In June, the NHTSA said the prior administration wrongly considered electric vehicles when establishing future mileage requirements. Duffy said that federal law considers only combustion engines in establishing fuel standards, and that by including electric vehicles and hybrid cars, the Biden administration created a standard that combustion engine cars could not attain and required the carmakers to trade for carbon credits.
“These rules are going to allow the automakers to make vehicles that Americans want to purchase, not vehicles that Joe Biden and [former transportation secretary Pete] Buttigieg want them to build,” Duffy said.
The proposed standards would also eliminate the CAFE credit trading program starting in model year 2028, according to the U.S. Department of Transportation. The agency said the credit system allowed companies with large EV lineups to generate and sell excess credits, effectively subsidizing EV manufacturers while increasing compliance costs for companies producing gas-powered vehicles.
EVs’ market share in the U.S. is expected to remain at 8 percent through 2026, the same as it was in 2024, according to a recent forecast from AutoPacific, a research firm. It’s a decrease from the firm’s estimate last year, when it predicted that the market share for EVs would reach 11 percent in 2025 and 15 percent in 2026.
The Biden fuel economy standards set forth by the NHTSA reported the rule would save Americans more than $23 billion in fuel costs while also reducing pollution.
Jason Schwartz, the legal director at the Institute for Policy Integrity at New York University School of Law, said rescinding these standards will not only cost consumers at the pump, but weaken the nation’s vulnerability to gas price shocks. “NHTSA’s proposed repeal will further pinch the wallets of consumers who are already stretched thin,” Schwartz said in a statement.
The move to dismantle these requirements is the latest in a broader effort by the Trump administration to reverse Biden climate and environmental regulations and undo policies Trump said has resulted in an “EV mandate.”
Trump has also called for eliminating subsidies and other measures boosting electric vehicles, stripped federal tax credits from EV purchasers and sought to revoke California’s long-standing ability to set its own emission limits.
The administration has also proposed repealing the 2009 endangerment finding, which would rescind all greenhouse gas emissions regulations for motor vehicles and engines. The endangerment finding is a formal declaration by the EPA, later affirmed by the U.S. Supreme Court, stating that greenhouse gases pose a threat to public health.

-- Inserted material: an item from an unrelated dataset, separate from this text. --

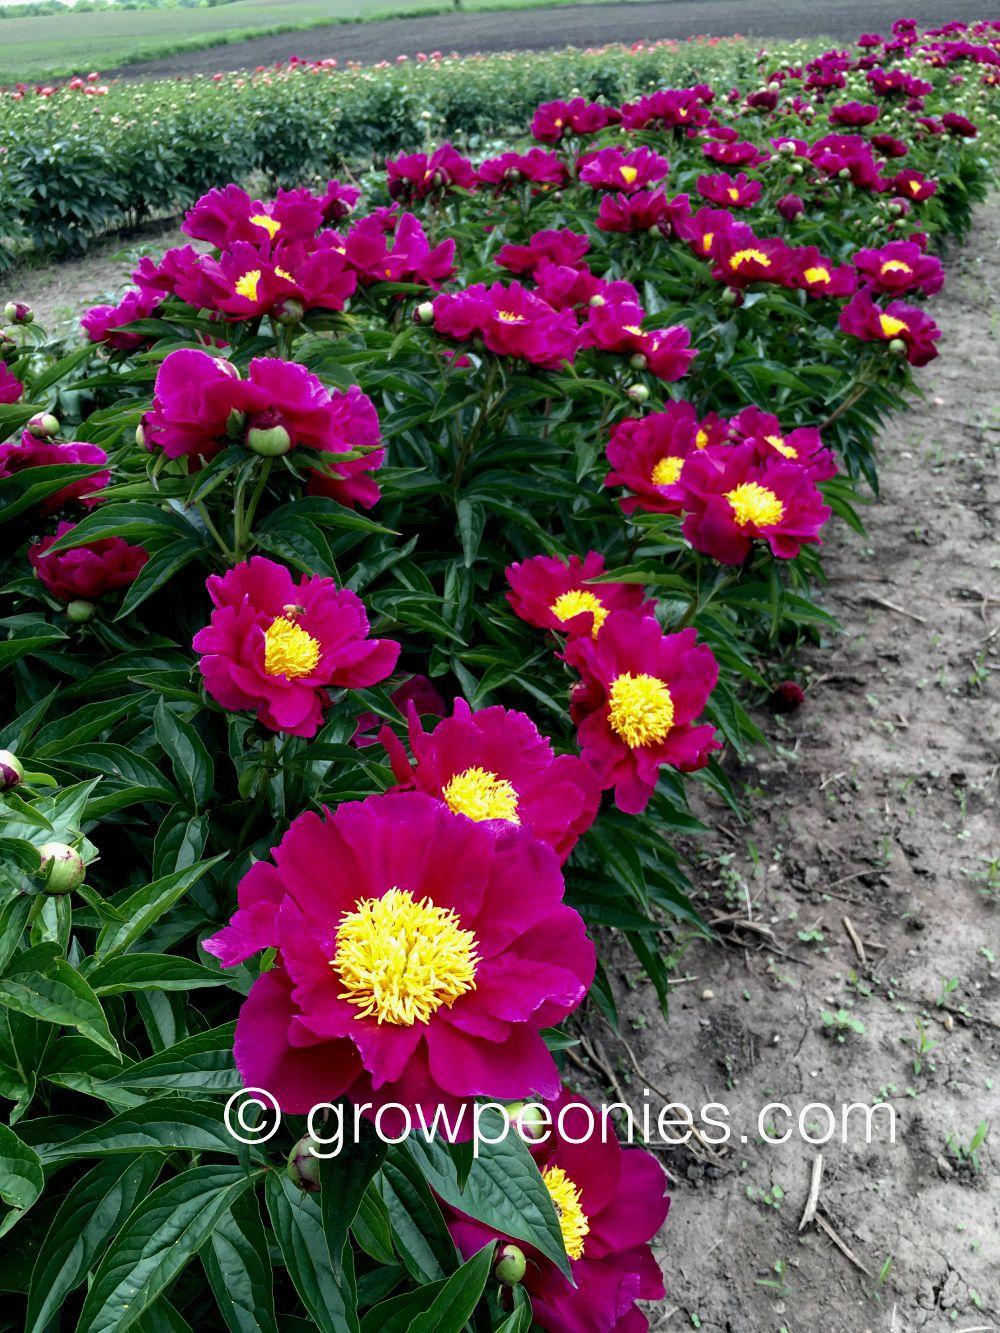 Seedling 2434 Peony Peonies Buy Peonies Bloom

The finding allows for greenhouse gases to be regulated under the Clean Air Act, the country’s primary federal law to control air pollution.
If the endangerment finding is ultimately repealed, it would be the largest deregulatory action in American history, according to the EPA.
Congress first established the CAFE standards in 1975 largely in response to the 1973 OPEC oil embargo, when the average vehicle got about 13 miles to the gallon. These standards are often credited for reducing American reliance on imported oil and driving investments into domestic manufacturing of more efficient vehicle models.
Strong auto standards are the most effective way to cut pollution and oil use, said Dan Becker, the director of the Center for Biological Diversity’s Safe Climate Transport Campaign. The U.S. is the world’s biggest consumer of oil—consuming 20 percent of the world’s petroleum.
“The cure for pollution and high gas costs is strong fuel economy standards, not killing them as a favor to the president’s Big Oil, Big Auto and OPEC golf buddies,” Becker said. “Trump’s action will feed America’s destructive use of oil, while hamstringing us in the green tech race against Chinese and other foreign carmakers.”